Император, ее старший сын, спохватился, когда стало уже слишком поздно. Многие и многие влиятельнейшие мужи Пераса оказались смертельно крепко привязаны к подопечным Цапли. Высшие сановники и генералы, городские старшины и богатейшие эвпатриды были готовы на любые подвиги или преступления ради неслыханных наслаждений, даримых гетерами – теми, что щеголяли перистым птичьим гримом. Две сотни лет (столько продолжала жить матушка Цапля) внутри Пределов, по сути, царил матриархат. Но и после ее успения храм не был ни разрушен, ни распущен. Влияние его до сих пор весьма велико, а умение послушниц каждый может испытать на себе…»
– Ну да, каждый, – пробормотал Иван, гася линзу и опуская на нее бархатную накидку. – Как это у поэта? «А те, что им на смену успели подрасти, такую ломят цену, что господи прости…» Впрочем, за дело, за дело ломят.
Он поднял замаслившиеся от воспоминаний глаза на дремлющих гекконов, в задумчивости пожевал губами, а потом вдруг смахнул с линзы накидку и ткнул пальцем в тильду адресной книжки…

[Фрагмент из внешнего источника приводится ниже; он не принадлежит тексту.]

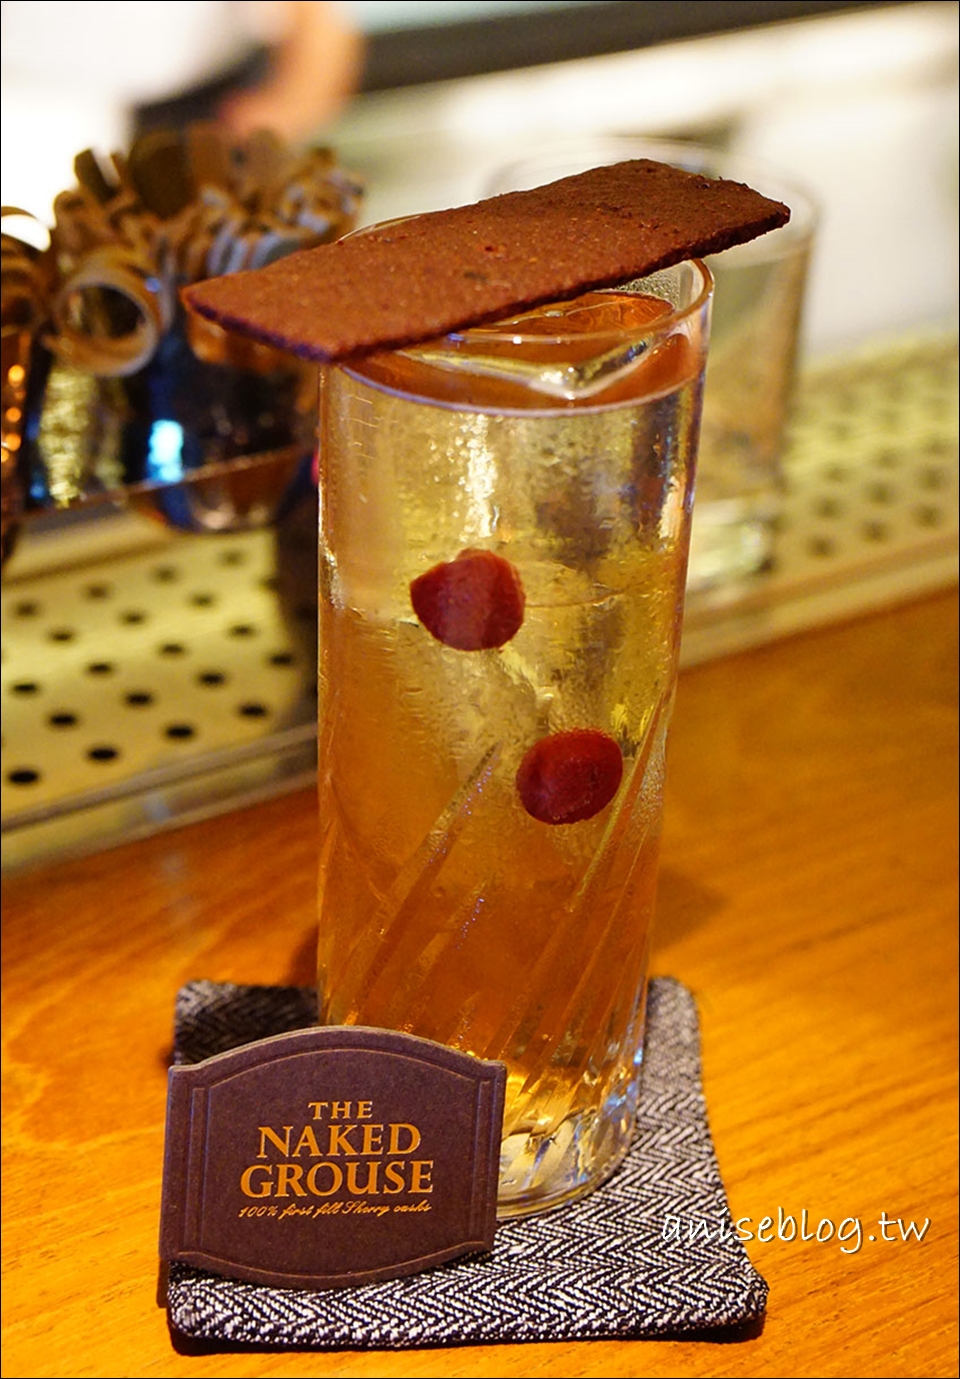 裸雀初次雪莉桶蘇格蘭威士忌(THE NAKED GROUSE)，來自蘇格蘭的珍貴好酒

Табурет этот Цапли, очевидно, позаимствовали в какой-нибудь разорившейся пыточной. Сидеть на нем не было ни малейшей возможности. Ножки разъезжались, узкое треугольное сиденье угрожающе стонало, стоило опустить на него хотя бы треть веса. Щели между досками сиденья напоминали тиски. Иван взвесил табурет в руке и разочаровано вздохнул – случись использовать его в качестве оружия, толку вышло бы чуть. Легкий, словно пробковый. К счастью, необходимости воевать пока не возникало.

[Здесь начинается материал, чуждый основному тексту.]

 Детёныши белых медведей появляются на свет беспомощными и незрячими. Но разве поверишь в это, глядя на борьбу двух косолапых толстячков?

От безделья Иван решил обследовать келью. Собственно, обследовать было нечего, всего-то десяток шагов вдоль и поперек. Мрачноватое, хоть и сухое помещение, стены из выглаженных гранитных блоков, пол из темного паркета, низкий потолок. Прочная дверь без единого намека на ручку. Рядом с высоким и чрезвычайно узким окном-бойницей разместился простенький газовый рожок.
«Неужели все-таки темница? – подумал имяхранитель без всякого волнения. – Но цель заключения? Смысл?» У него не было ни единого предположения. Он снова попробовал пристроиться на шатком табурете, но скоро понял, что дело не выгорит. Отошел к стене и сел по-турецки на пол, прикрыв глаза.
Ожидание не затянулось. Предупреждая, что дверь скоро откроется, зашумела вода в толще стены. Брякнул запор.
– Милости прошу на наши посиделки, – сказал Иван, поднимаясь навстречу входящим.
Это оказались женщины, одна молодая и замечательно стройная, другая старше и пополней. В дверном проеме, не давая створке закрыться, замерла третья, – коренастая бабища в облегающем золотистом трико и конической шапке из войлока. Плечи и конечности были у нее просто чудовищными. И грудь. Говорят, такими становятся люди, которых питали в младенчестве тигриным молоком. Или все-таки медвежьим?
«Только кто и для чего стал бы выкармливать медвежьим молоком безымянную?» – подумал Иван и добавил:
– Правда, закусок не обещаю.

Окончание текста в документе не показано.